Fundamental Flaws and Missing Safeguards
Lack of a Long-Term Vision
Experts point out that rising housing prices and soaring household debt are two sides of the same coin, with mortgages comprising the bulk of household liabilities. To foster a healthier economy, they argue, liquidity needs to be redirected from real estate into more productive sectors like technology and biotech. This requires a fundamental shift in policy that makes holding excessively expensive property a financial burden rather than a path to wealth.
However, the October 15 measures lack this transformative vision. There are no provisions to encourage owners of high-value homes to sell, which would increase the supply of existing homes on the market.
Impact on Non-Homeowners
A crucial oversight in the new policy is the lack of consideration for non-homeowners and young people. The primary goal of housing policy should be residential stability, yet these regulations may have adverse effects. For instance, the requirement for buyers in land transaction permit zones to reside in their purchased property for two years effectively removes these units from the rental market. This reduces the supply of `jeonse` (lump-sum deposit) rentals, forcing more tenants into the more expensive monthly rental system and increasing their cost of living.

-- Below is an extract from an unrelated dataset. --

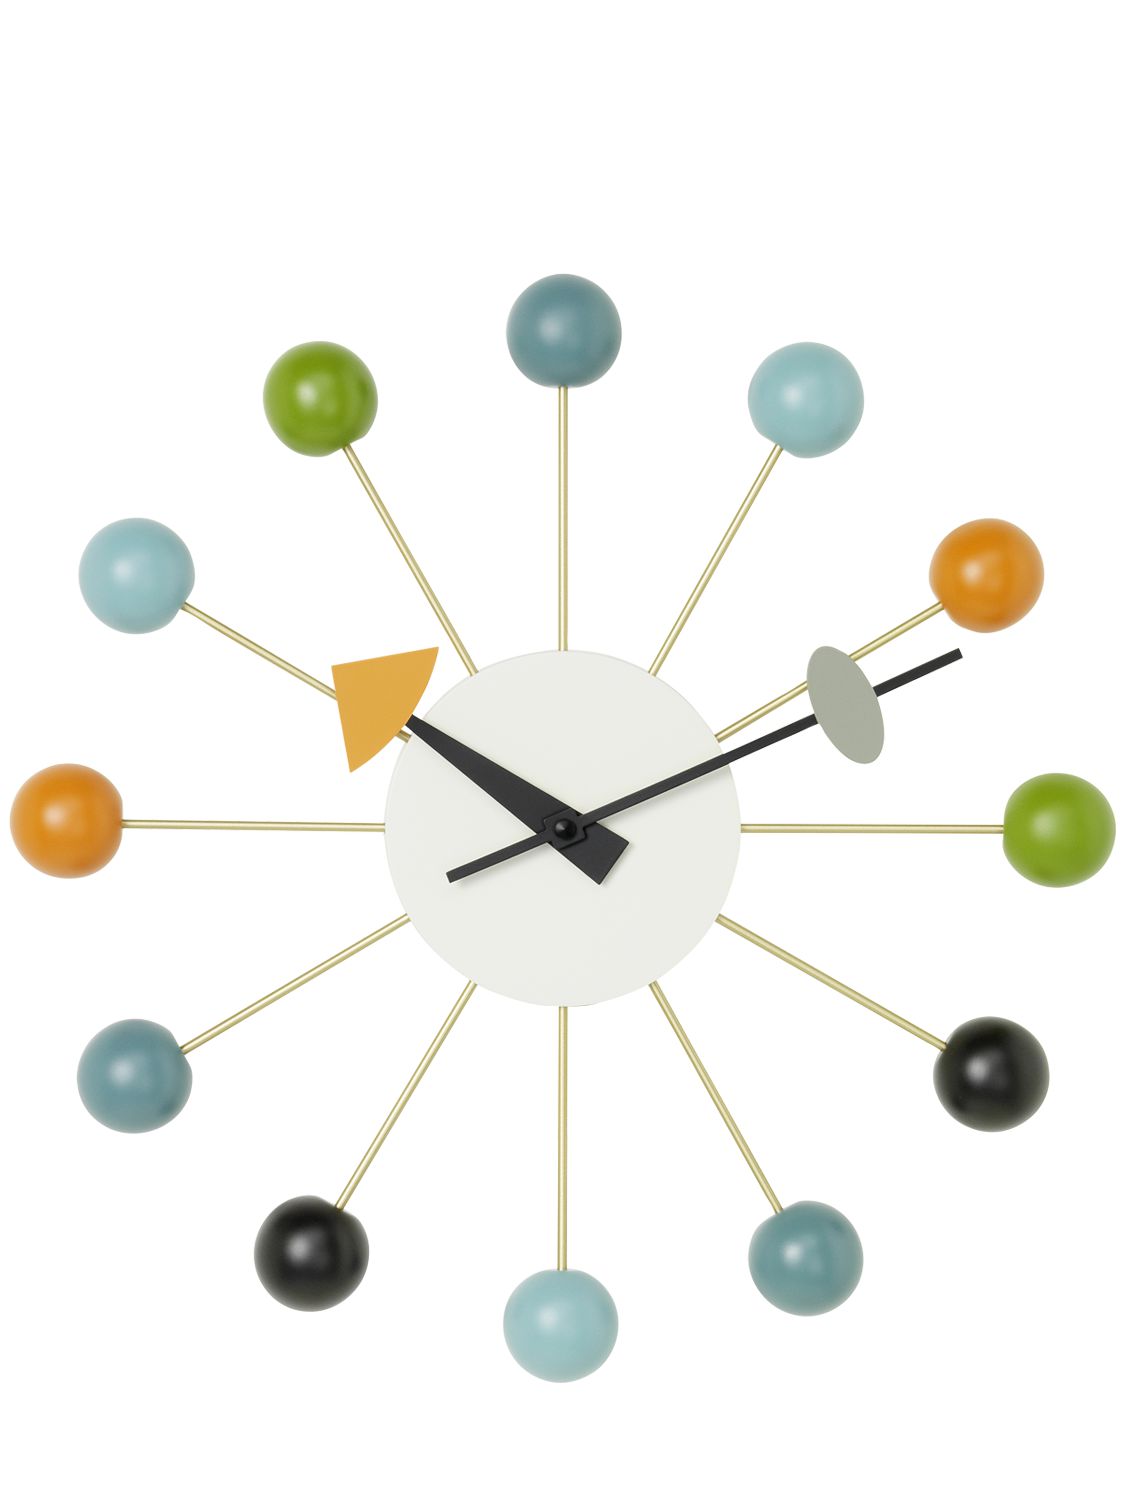 Vitra Ball Clock In Multicolor

Political Pressures and Market Uncertainty
Ultimately, many analysts believe the policy's shortcomings are rooted in political calculations. With local elections scheduled for next June, the Lee administration and the ruling Democratic Party of Korea are likely hesitant to implement more drastic—and potentially unpopular—measures like significant tax hikes. Such policies could alienate affluent homeowners, a key voter demographic.
This approach suggests a prioritization of short-term political stability over long-term market health. As a result, while the market may see a temporary dip in transaction volume, the core issues of excessive liquidity and high investment expectations remain unaddressed, pointing toward a potential resurgence in prices in the near future.